[Opening Dataset content section]

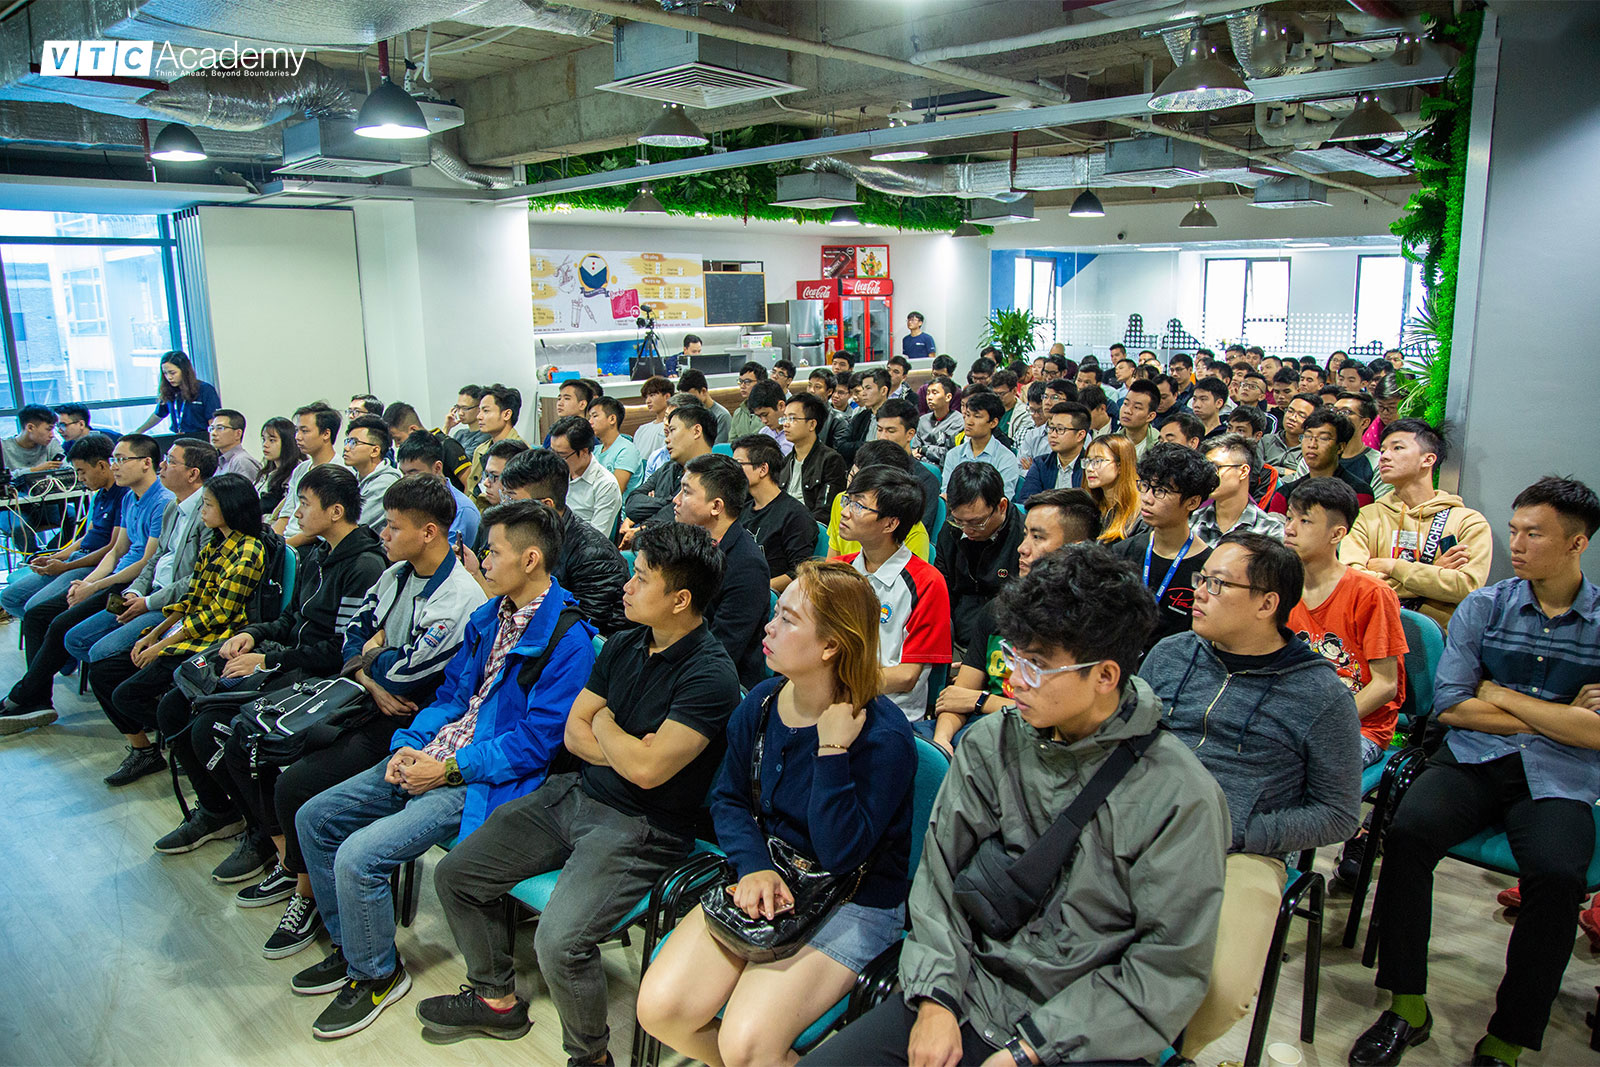 VTC Academy tổ chức hội thảo “AI Full-stack Development” tại Hà Nội
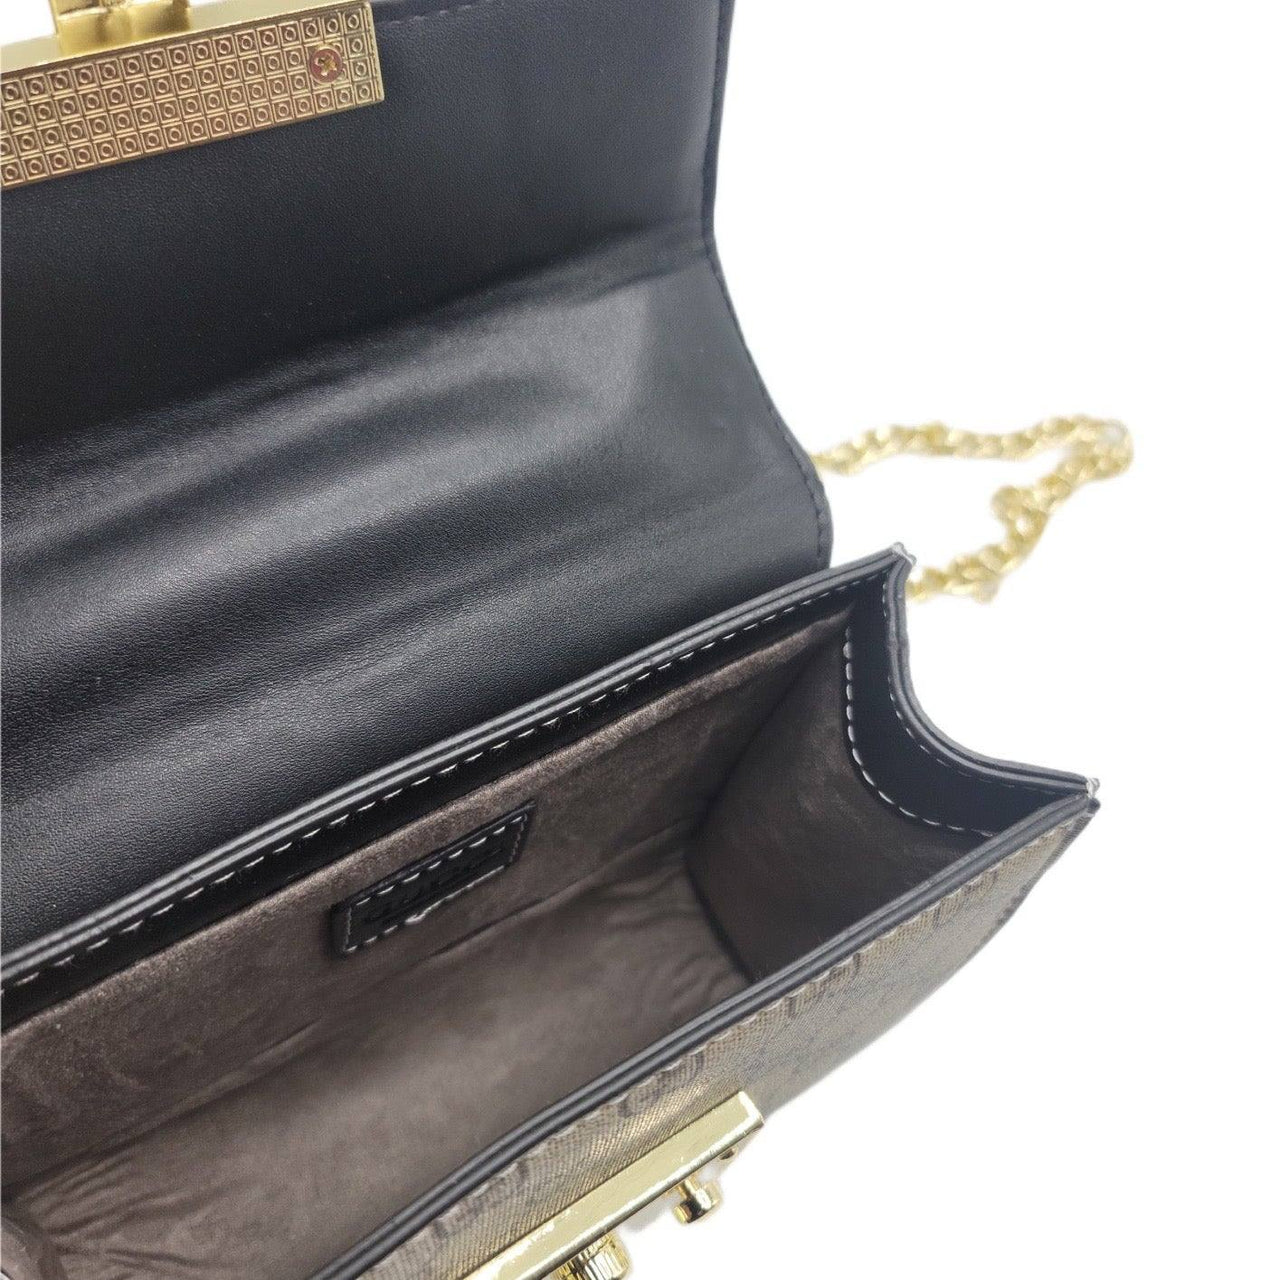 The Bag Couture Handbags, Wallets & Cases Gucci Crossbody Bag Classic Black
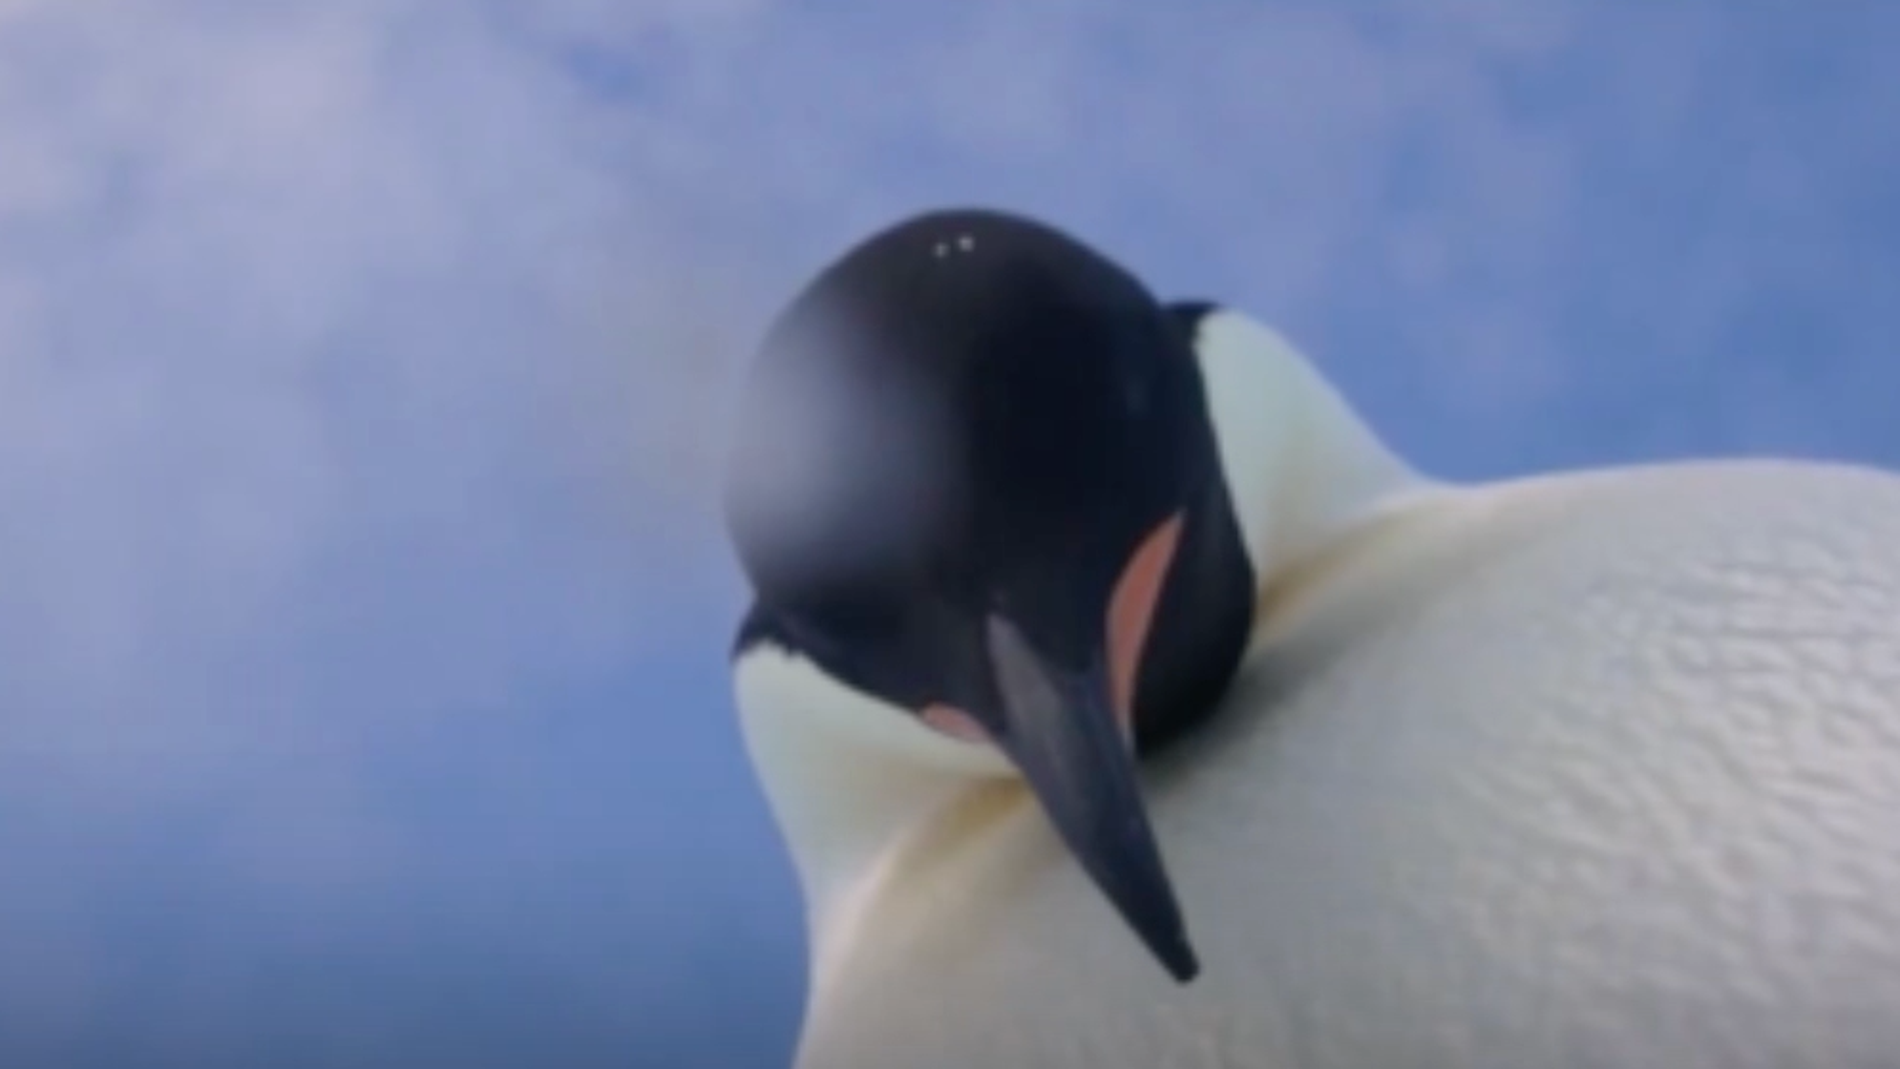 Uno de los dos pingüinos ajustando la cámara

[Closing Dataset content section]

**Problem details:** Repeat the listing exactly, minus its pictures.

**Expected output:**
 VTC Academy tổ chức hội thảo “AI Full-stack Development” tại Hà Nội
 The Bag Couture Handbags, Wallets & Cases Gucci Crossbody Bag Classic Black
 Uno de los dos pingüinos ajustando la cámara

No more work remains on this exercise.